● **Your objective**
Restate the full listing word for word; images stay out of it.

● **Data section**

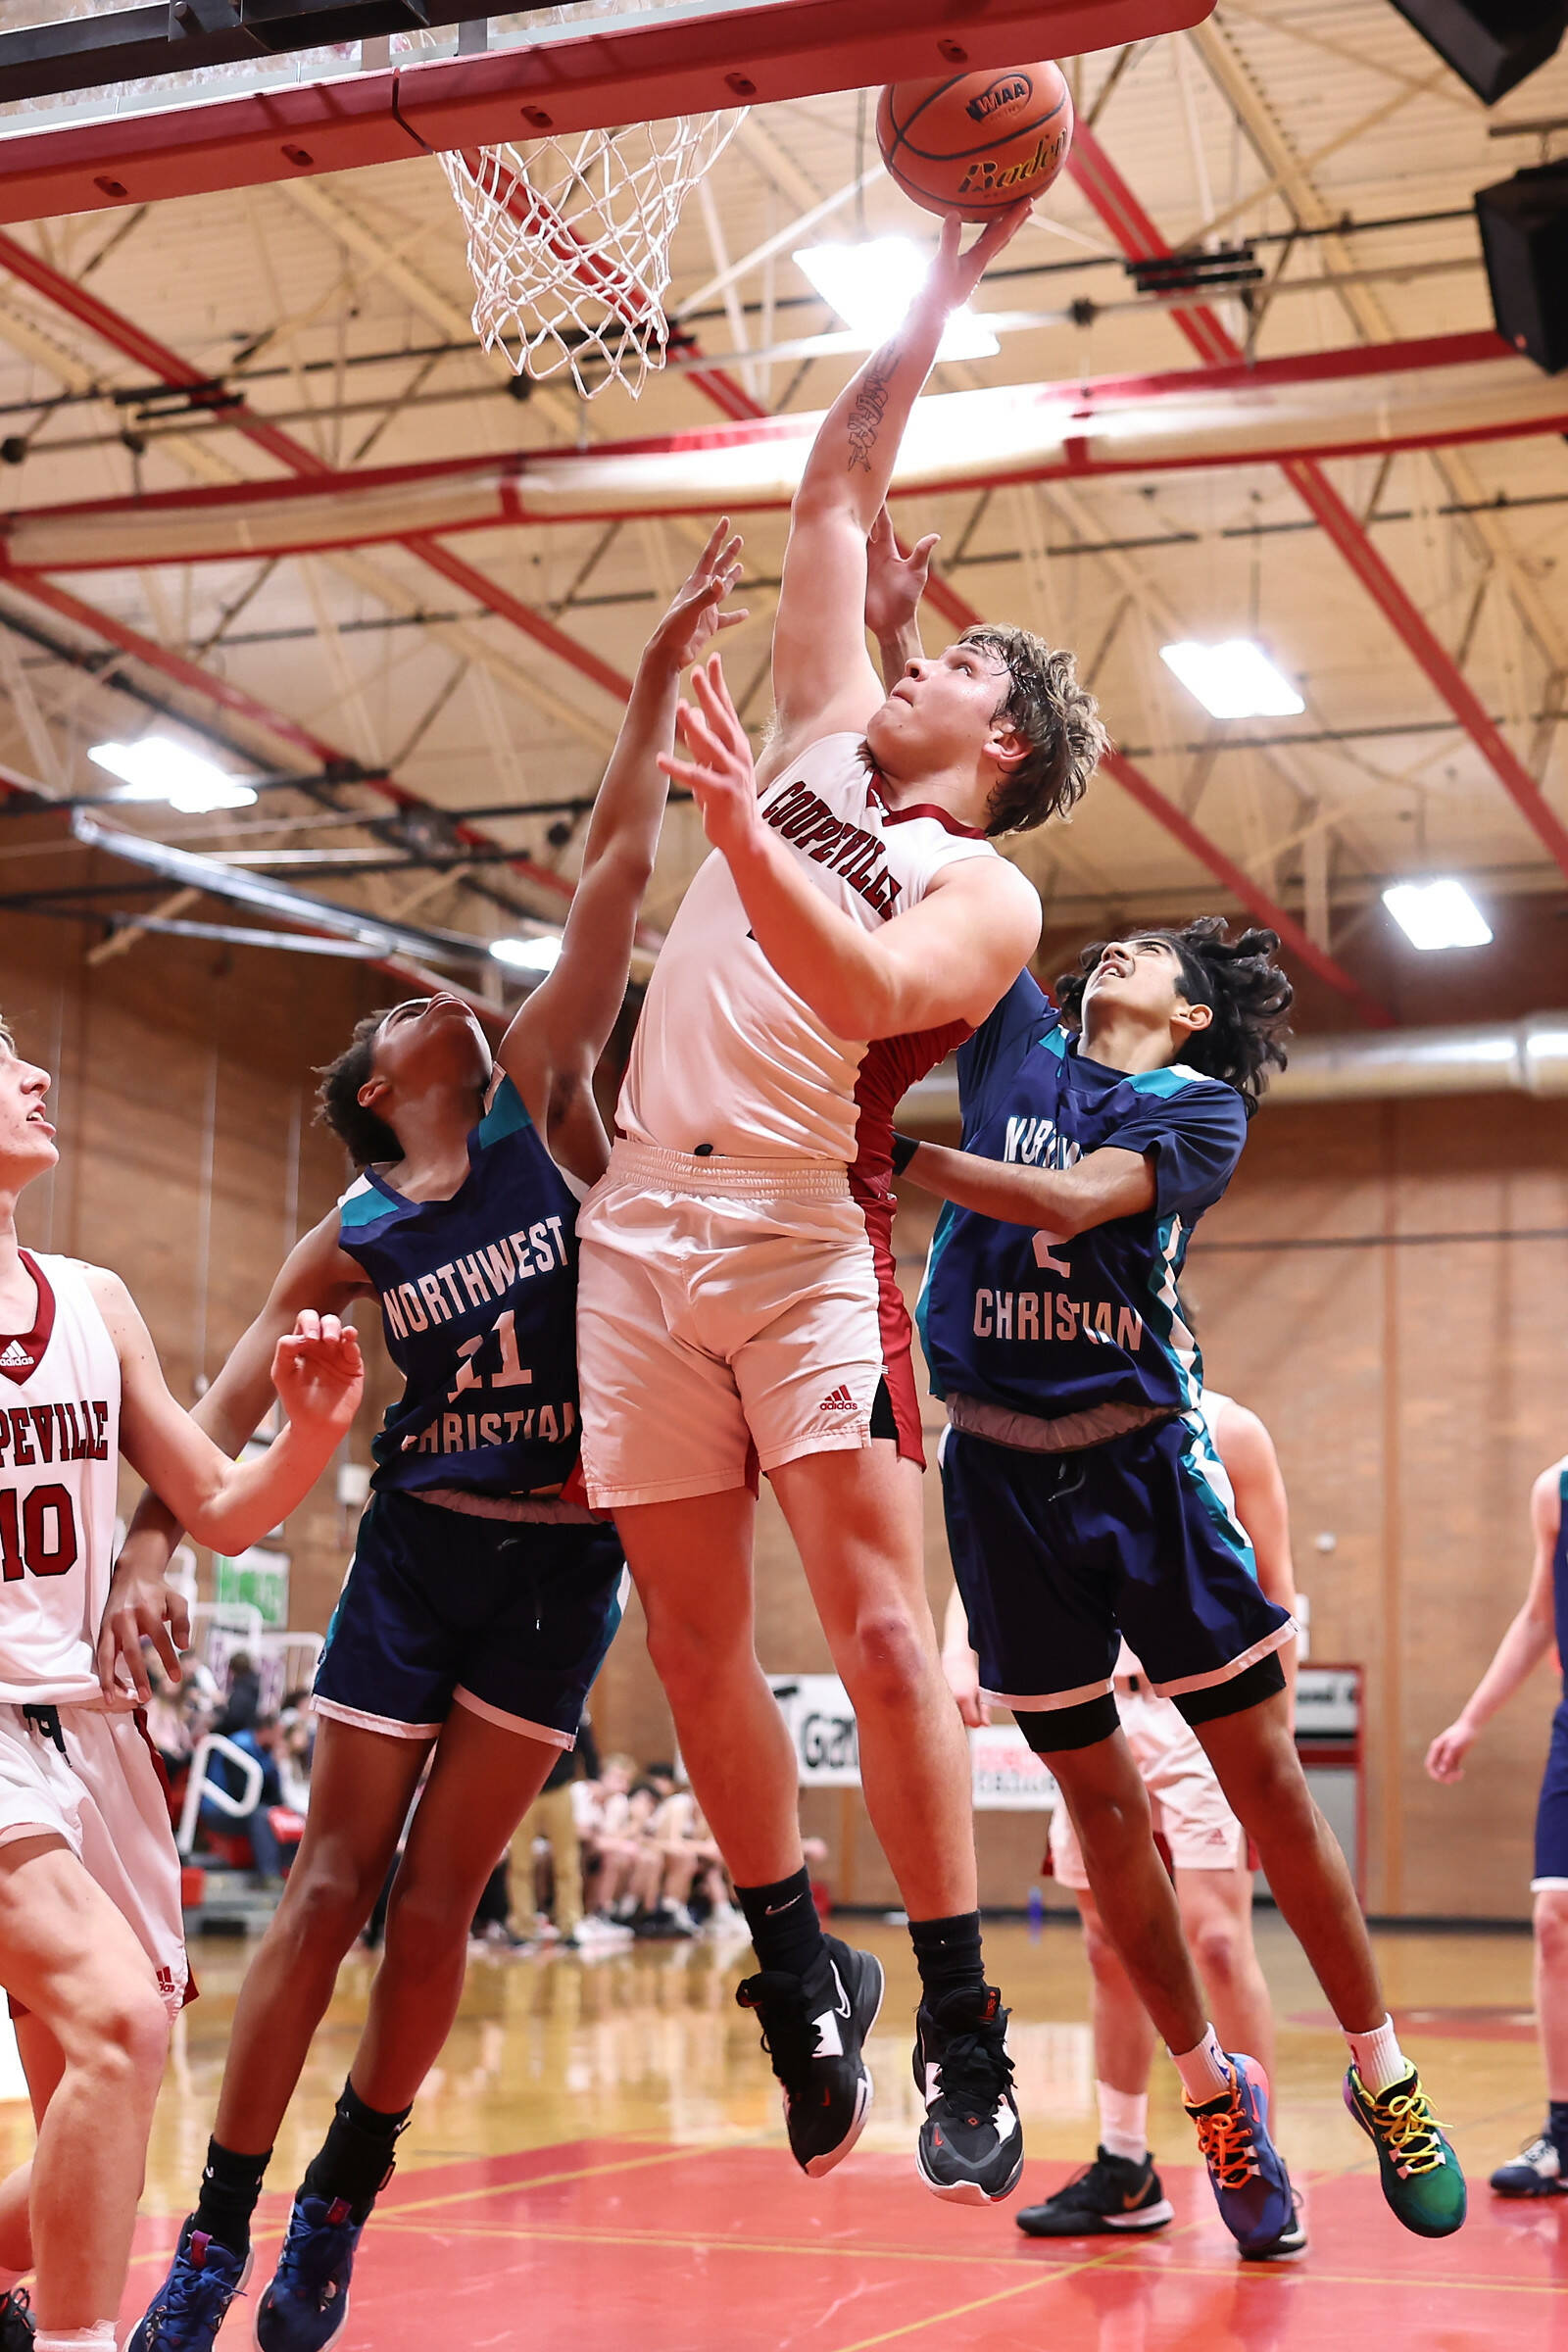 Coupeville High School senior Dominic Coffman takes a shot in a game against Northwest Christian on Tuesday. Coupeville hosted the bi-district tournament this week. For the boys, the tournament is a double elimination event. The Wolves beat Northwest Christian 64-26 Tuesday, then lost to La Conner 63-61 on Thursday. On Saturday, Coupeville will play Auburn Adventist in a winner-to-state, loser-out game. (Photo by John Fisken)
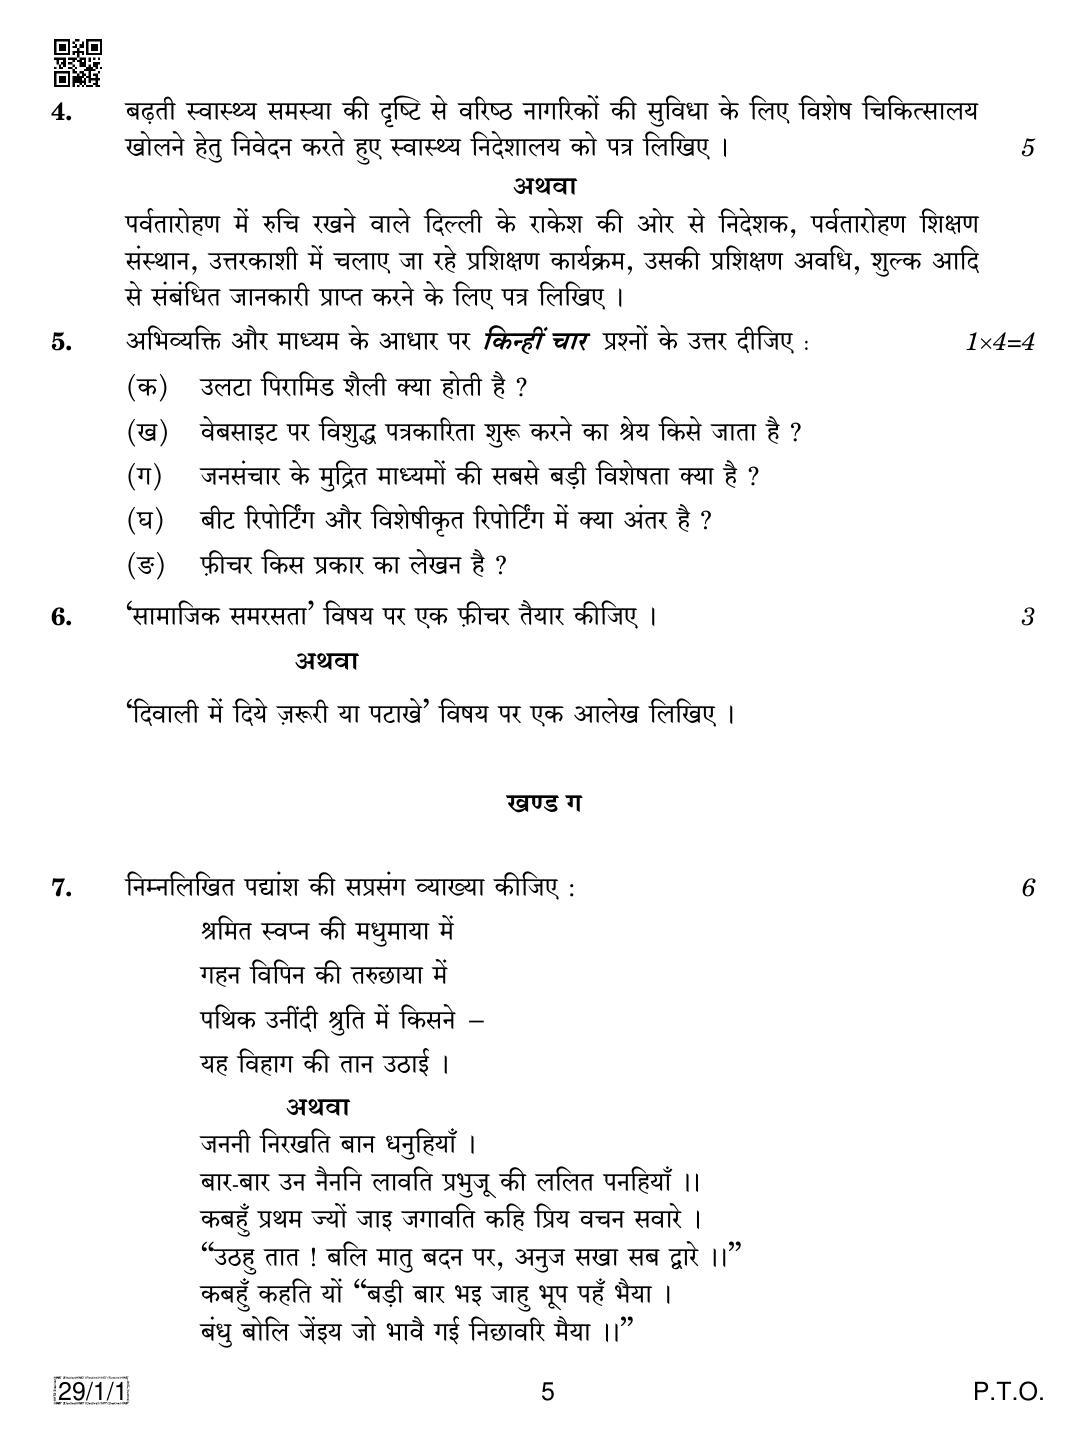 CBSE Class 12 29-1-1 HINDI ELECTIVE 2019 Compartment Question Paper - Page 5
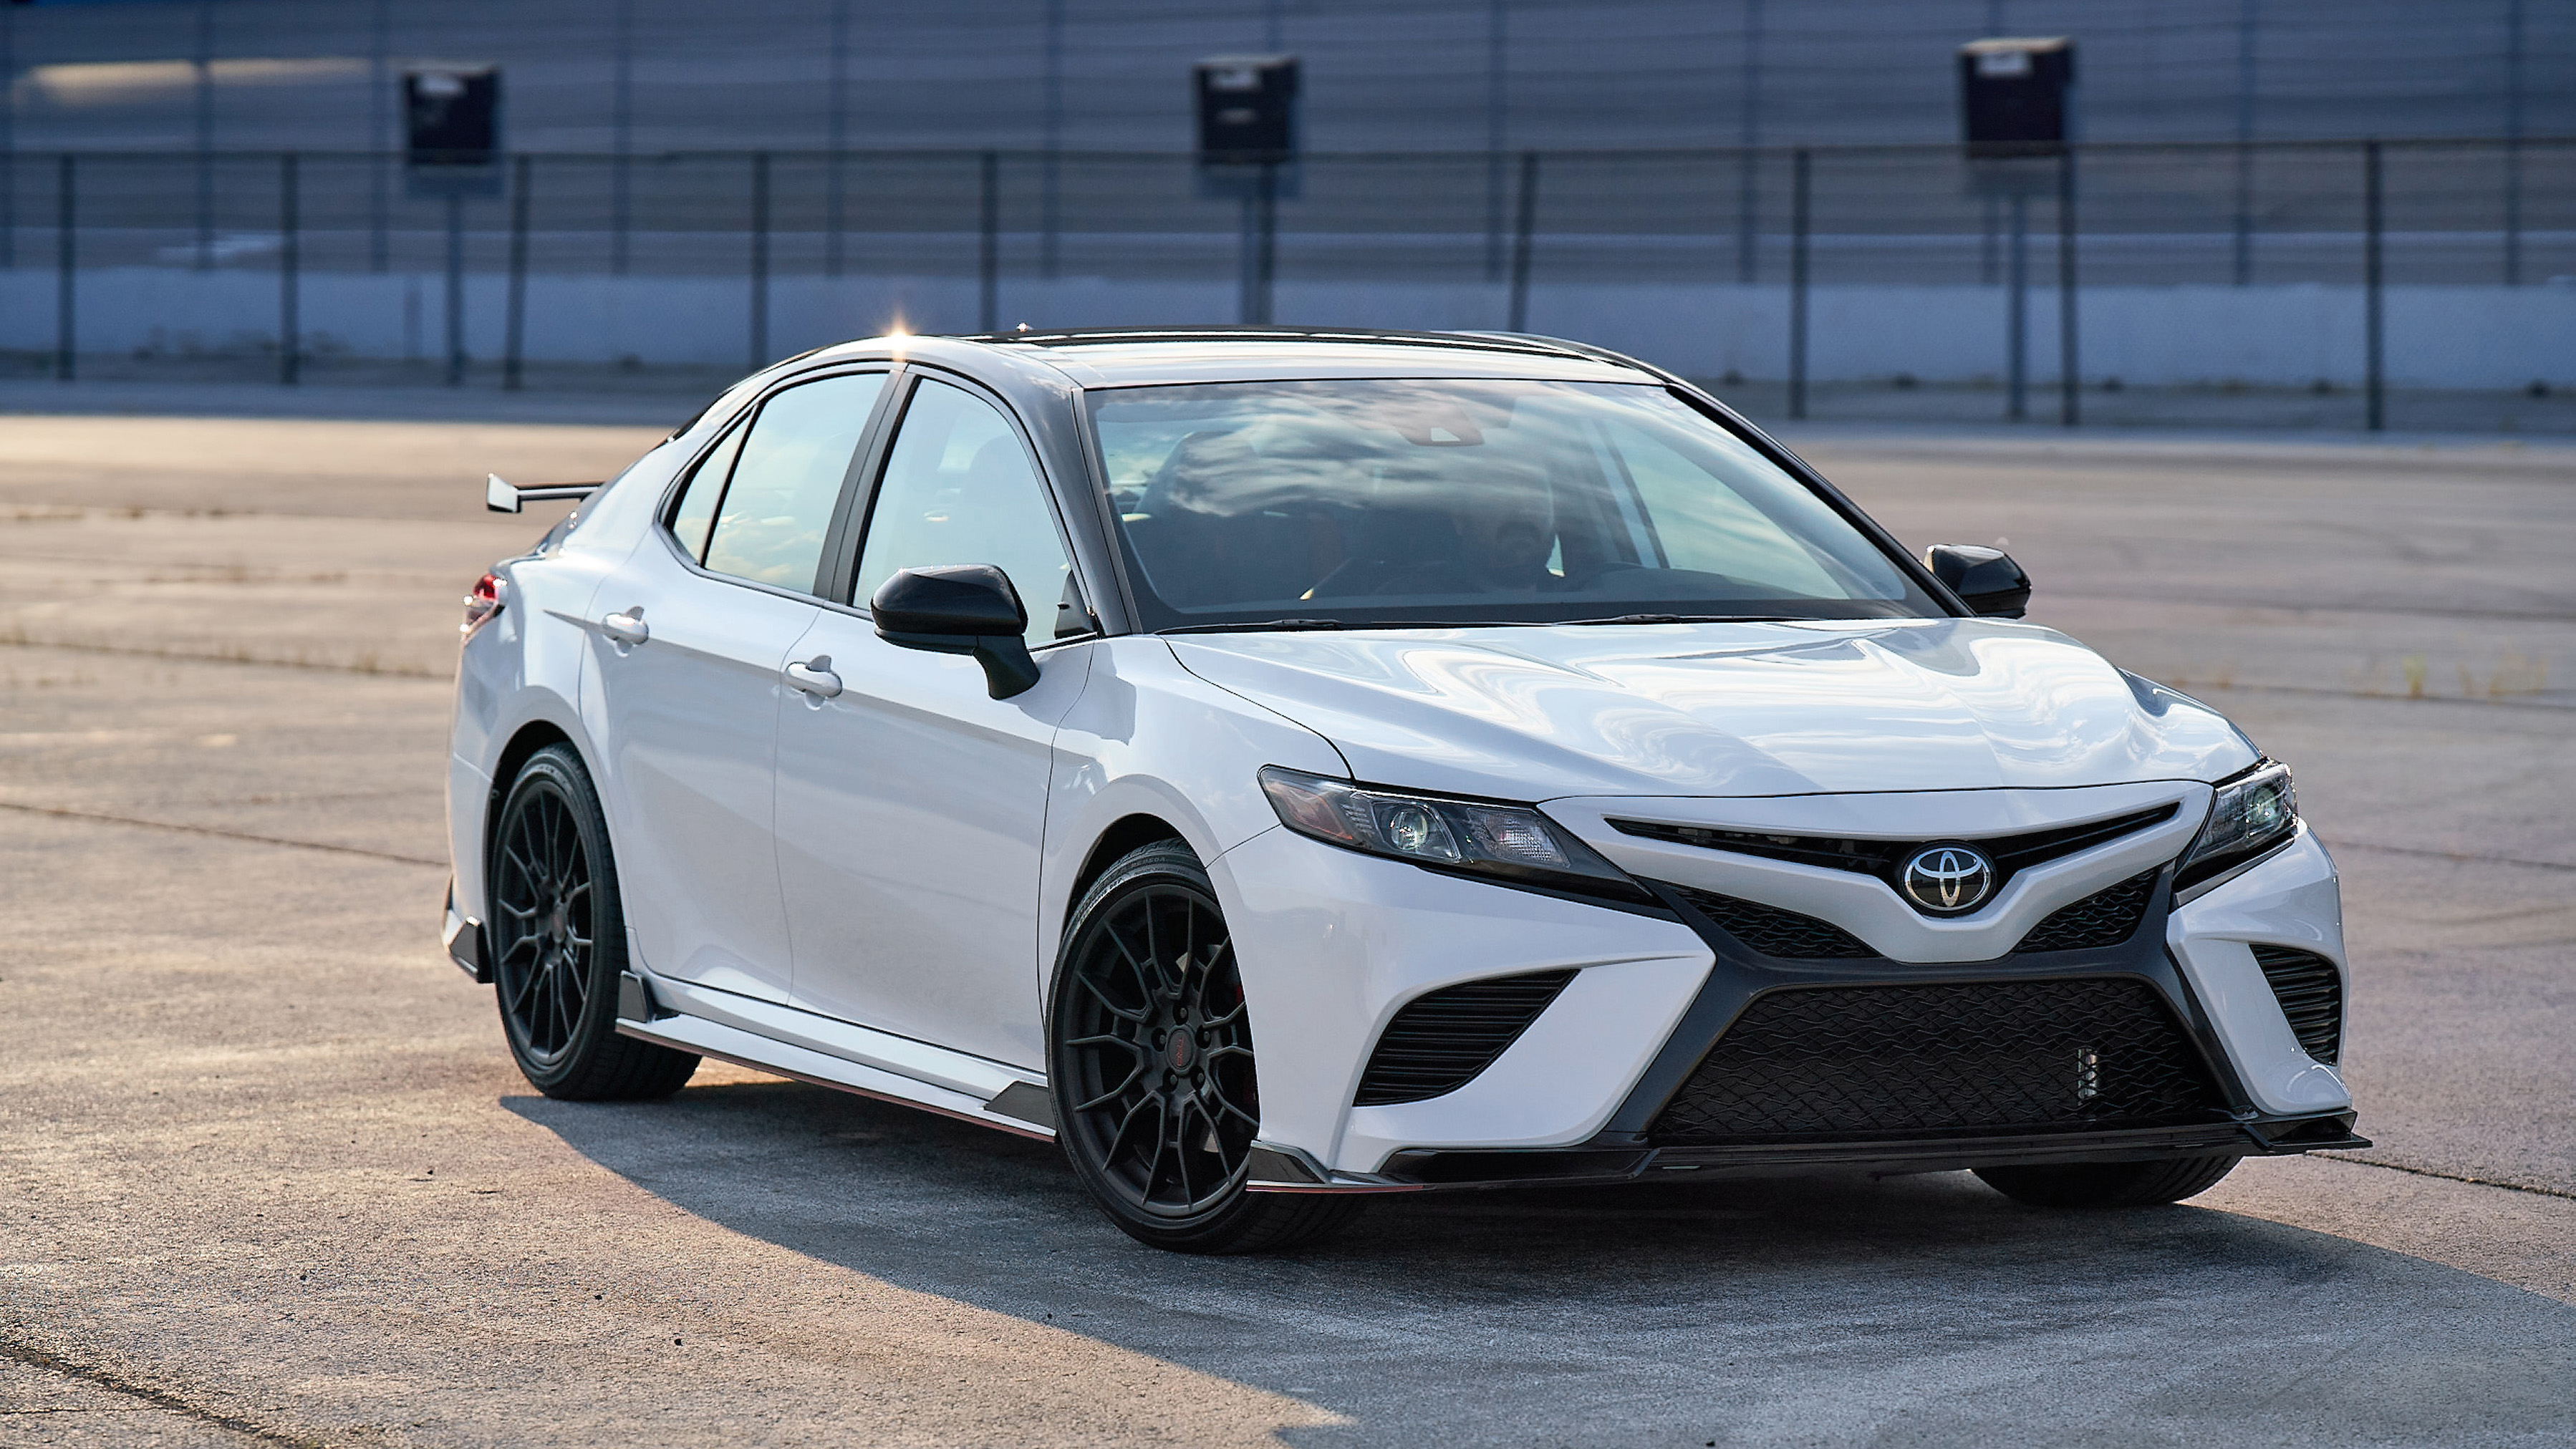 2020 Toyota Camry Trd Drivers Notes Handling Design Specs

● **Task output**
 Coupeville High School senior Dominic Coffman takes a shot in a game against Northwest Christian on Tuesday. Coupeville hosted the bi-district tournament this week. For the boys, the tournament is a double elimination event. The Wolves beat Northwest Christian 64-26 Tuesday, then lost to La Conner 63-61 on Thursday. On Saturday, Coupeville will play Auburn Adventist in a winner-to-state, loser-out game. (Photo by John Fisken)
 CBSE Class 12 29-1-1 HINDI ELECTIVE 2019 Compartment Question Paper - Page 5
 2020 Toyota Camry Trd Drivers Notes Handling Design Specs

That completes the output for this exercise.